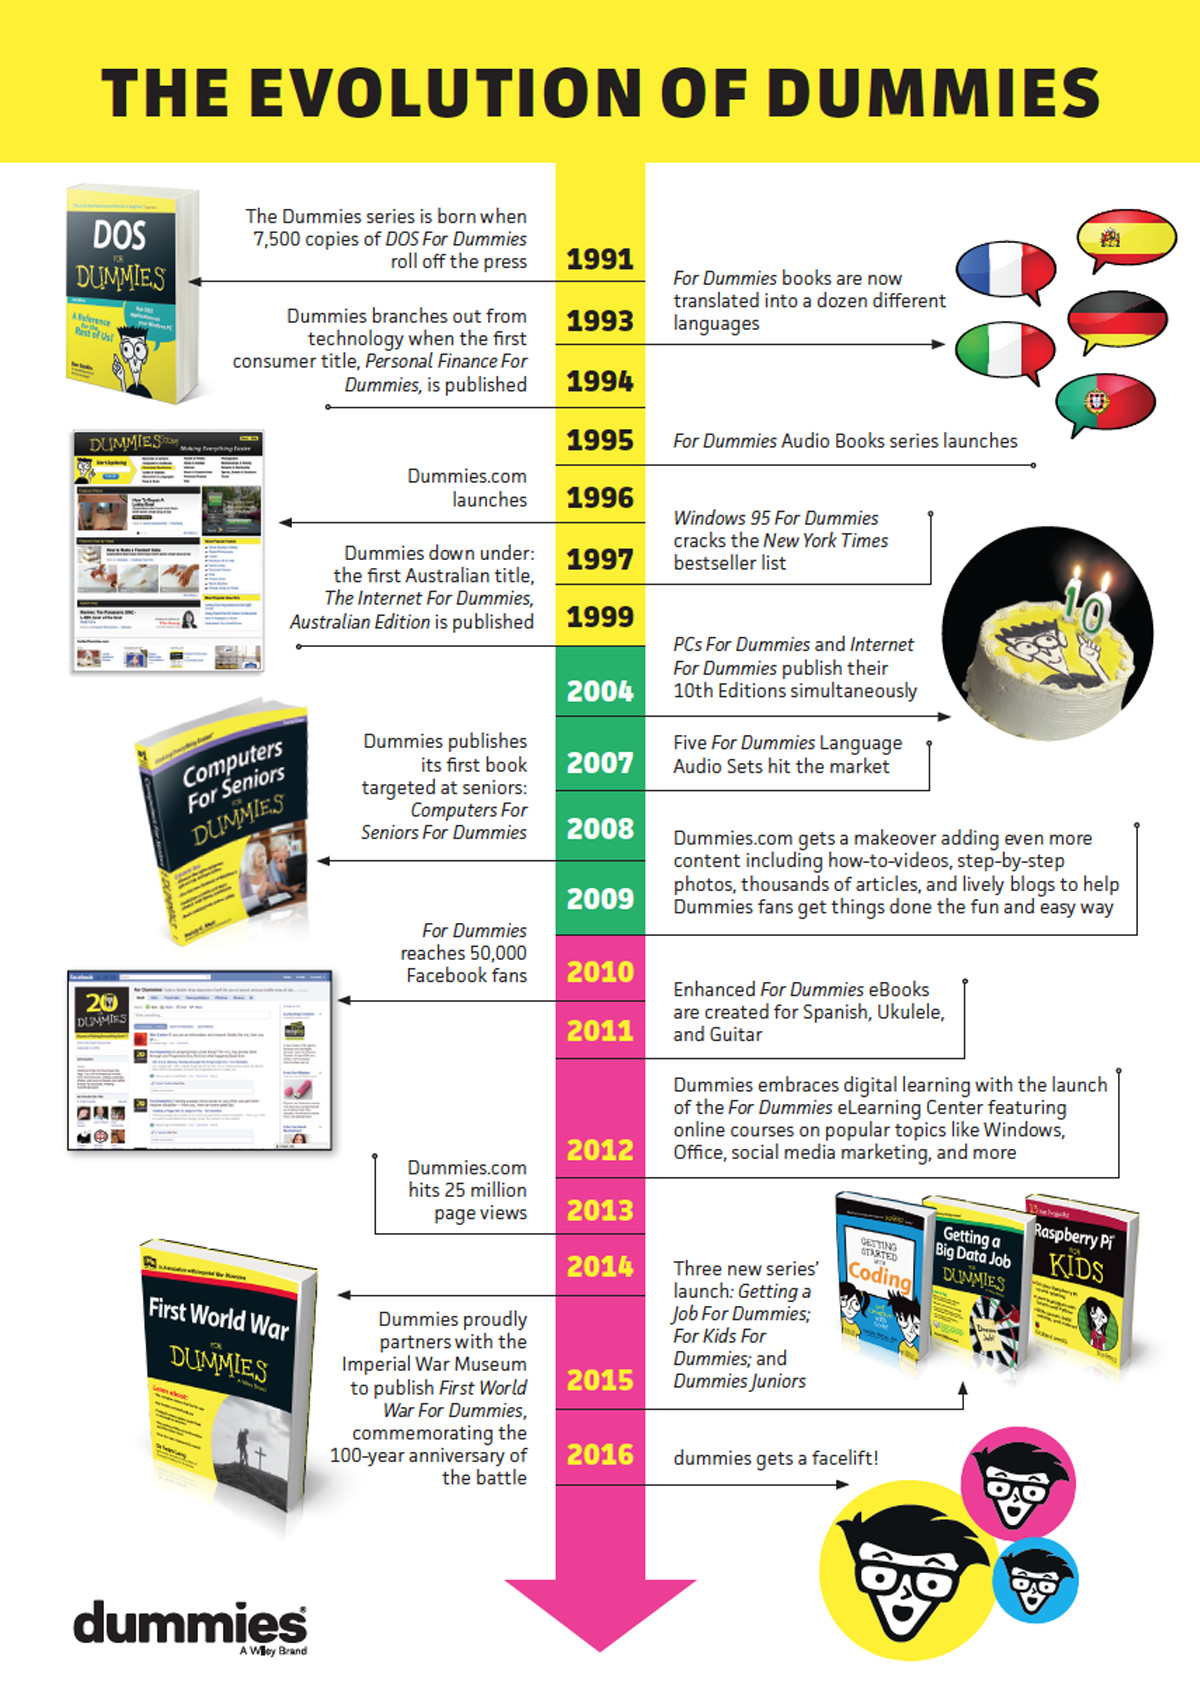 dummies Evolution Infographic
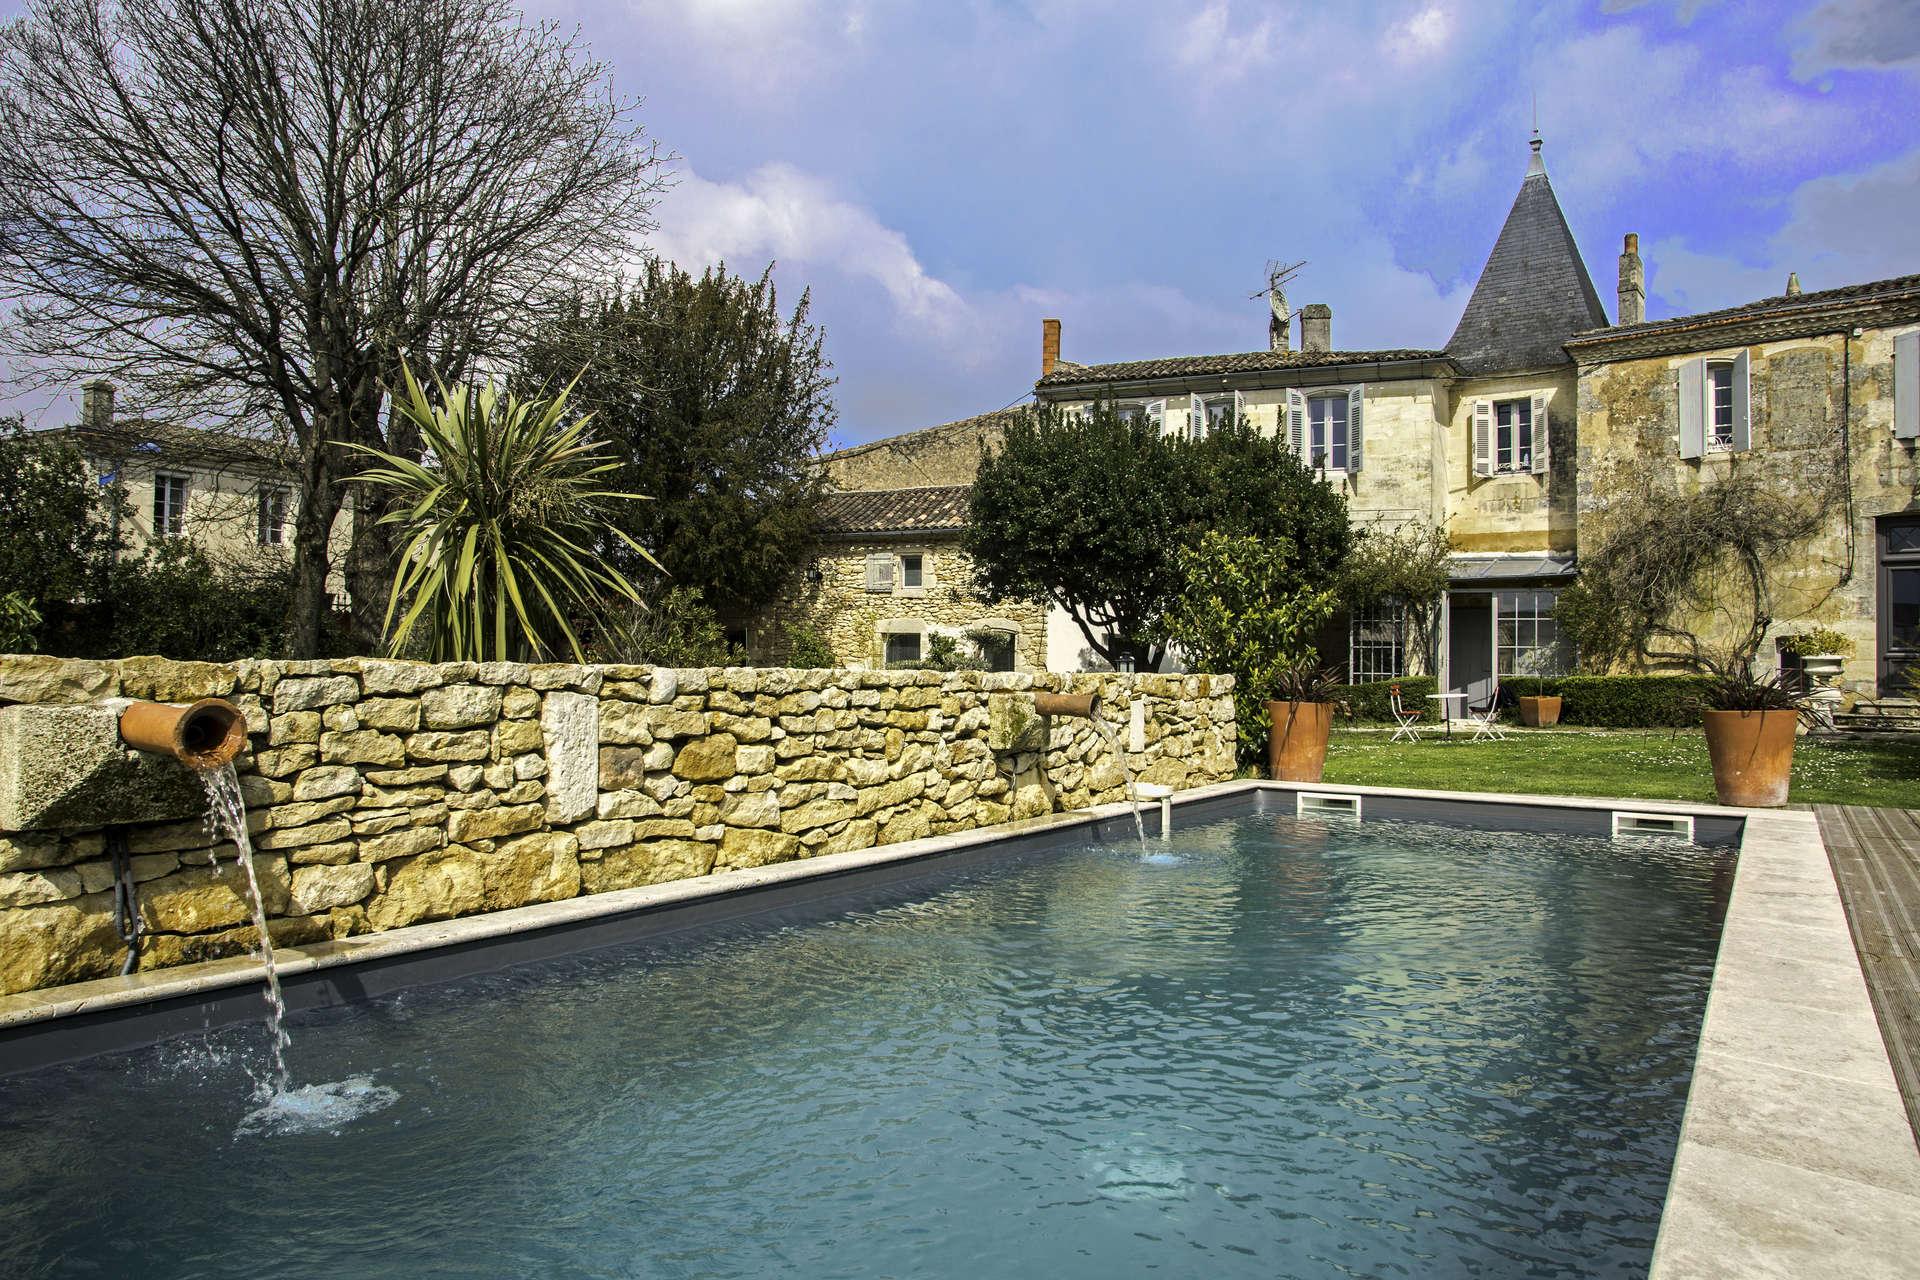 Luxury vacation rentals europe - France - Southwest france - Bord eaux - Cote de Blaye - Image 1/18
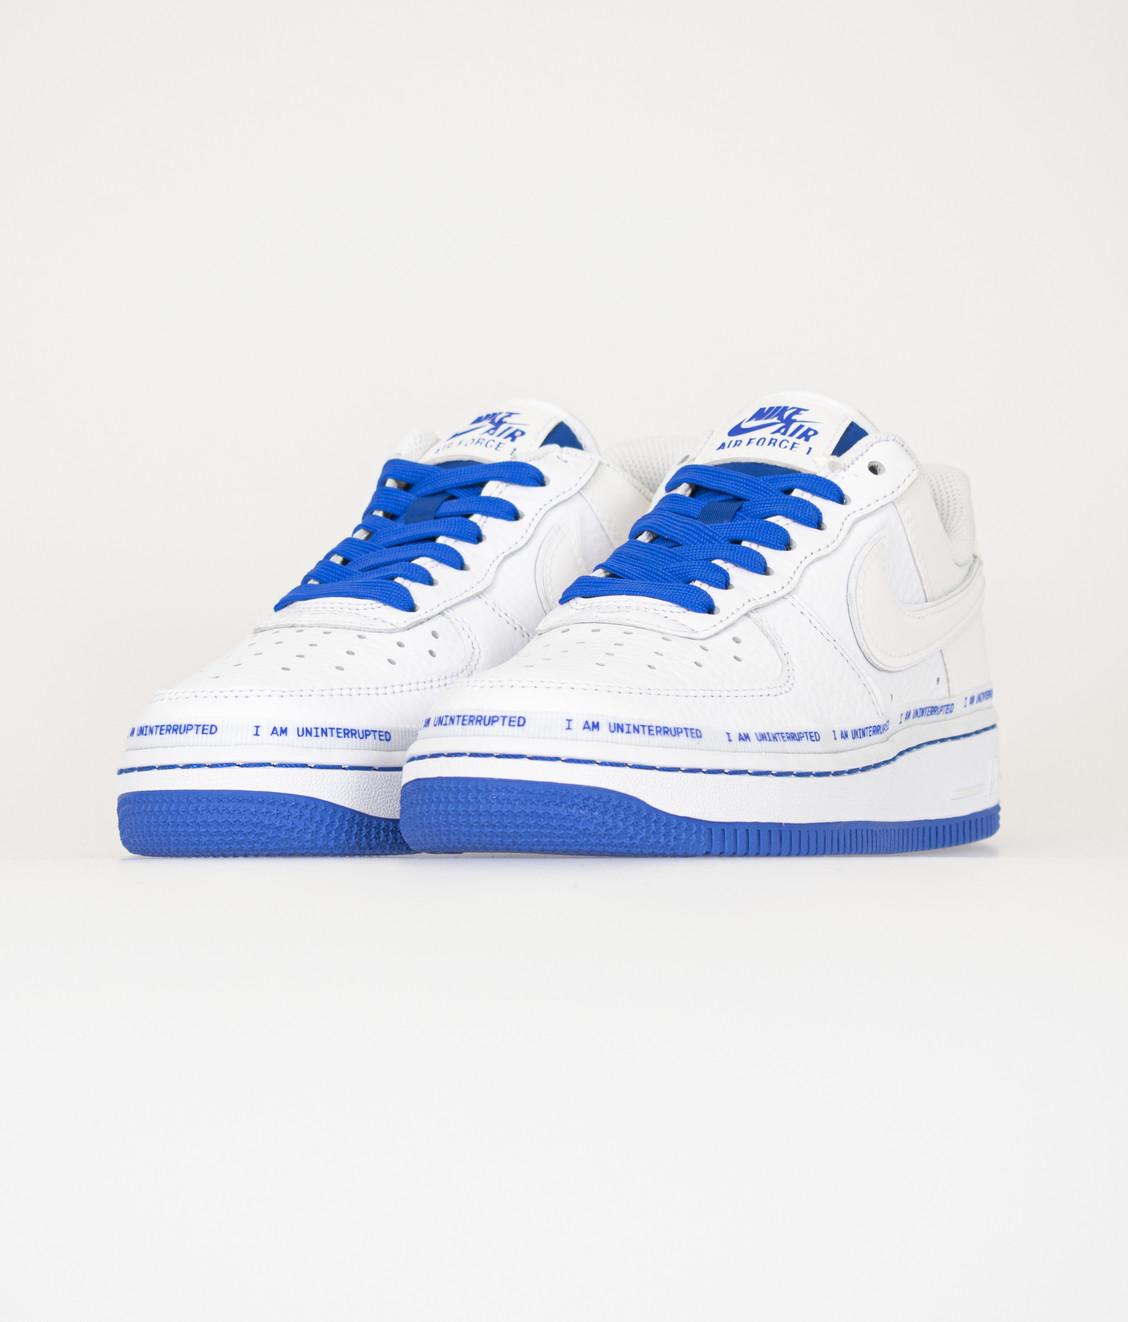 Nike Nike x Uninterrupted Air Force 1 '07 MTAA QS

* _Exercise details_:
Everything from the line containing "Luxury vacation rentals" through the end of the data should be printed exactly, line for line, except the pictures.

* _Response area_:
 Luxury vacation rentals europe - France - Southwest france - Bord eaux - Cote de Blaye - Image 1/18
 Nike Nike x Uninterrupted Air Force 1 '07 MTAA QS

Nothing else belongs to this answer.